This document describes a Scala-based single-machine linear regression engine.
Make sure you have built PredictionIO and setup storage described here.
This engine demonstrates how one can simply wrap around the Nak library to train a linear regression model and serve real-time predictions.
All code definition can be found here.
Training data is located at /examples/data/lr_data.txt
. The first column are values of the dependent variable, and the rest are values of explanatory variables. In this example, they are represented by the TrainingData
case class as a vector of double (all rows of the first column), and a vector of vector of double (all rows of the remaining columns) respectively.
The preparator in this example accepts two parameters: n
and k
. Each row of data is indexed by index
starting from 0. When n > 0
, rows matching index mod n = k
will be dropped.
This example engine contains one single algorithm that wraps around the Nak library's linear regression routine. The train()
method simply massage the TrainingData
into a form that can be used by Nak.
This example engine uses FirstServing
, which serves only predictions from the first algorithm. Since there is only one algorithm in this engine, predictions from the linear regression algorithm will be served.
This example provides a set of ready-to-use parameters for each component mentioned in the previous section. They are located inside the params
subdirectory.
Before training, you must let PredictionIO know about the engine. Run the following command to build and register the engine.
$ cd $PIO_HOME/examples/scala-local-regression $ ../../bin/pio register
where $PIO_HOME
is the root directory of the PredictionIO code tree.
To start training, use the following command.
$ cd $PIO_HOME/examples/scala-local-regression $ ../../bin/pio train
This will train a model and save it in PredictionIO's metadata storage. Notice that when the run is completed, it will display a run ID, like below.
2014-08-08 17:18:09,399 INFO SparkContext - Job finished: collect at DebugWorkflow.scala:571, took 0.046796 s 2014-08-08 17:18:09,399 INFO APIDebugWorkflow$ - Metrics is null. Stop here 2014-08-08 17:18:09,498 INFO APIDebugWorkflow$ - Saved engine instance with ID: CHURP-cvQta5VKxorx_9Aw
To run evaluation metrics, use the following command.
$ cd $PIO_HOME/examples/scala-local-regression $ ../../bin/pio eval --metrics-class io.prediction.controller.MeanSquareError
Notice the extra required argument --metrics-class io.prediction.controller.MeanSquareError
for the eval
command.
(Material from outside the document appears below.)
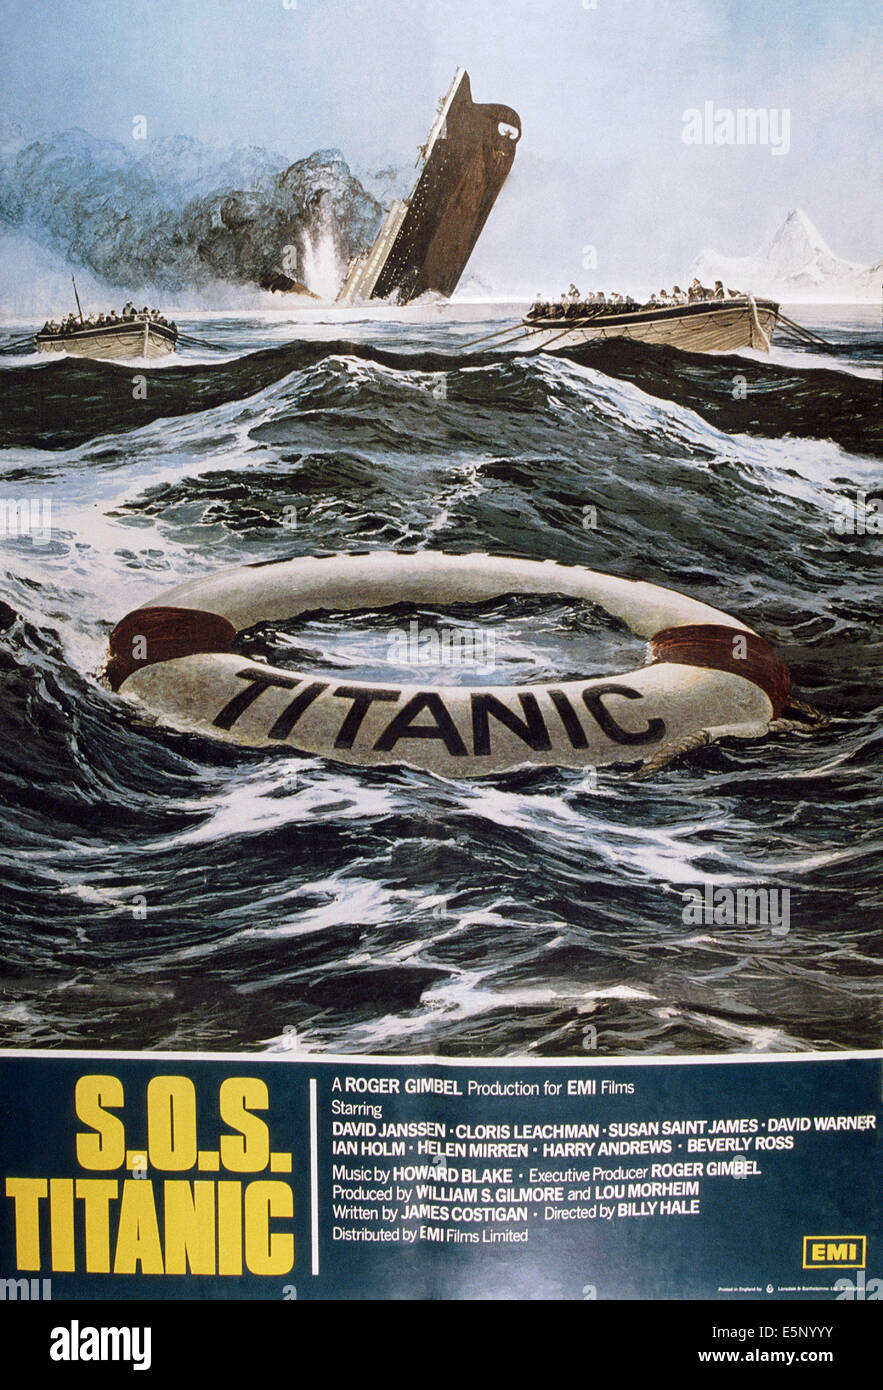 S.O.S. TITANIC, britische Plakat, 1979, © ABC/Courtesy Everett Collection Stockbild

This instructs PredictionIO to run the specified metrics during evaluation. When you look at the console output again, you should be able to see a mean square error computed, like the following.
2014-08-08 17:21:01,042 INFO APIDebugWorkflow$ - Set: The One Size: 1000 MSE: 0.092519 2014-08-08 17:21:01,042 INFO APIDebugWorkflow$ - APIDebugWorkflow.run completed. 2014-08-08 17:21:01,140 INFO APIDebugWorkflow$ - Saved engine instance with ID: icfEp9njR76NQOrvowC-dQ
Following from instructions above, you should have trained a model. Use the following command to start a server.
$ cd $PIO_HOME/examples/scala-local-regression $ ../../bin/pio deploy
This will create a server that by default binds to http://localhost:8000. You can visit that page in your web browser to check its status.
To perform real-time predictions, try the following.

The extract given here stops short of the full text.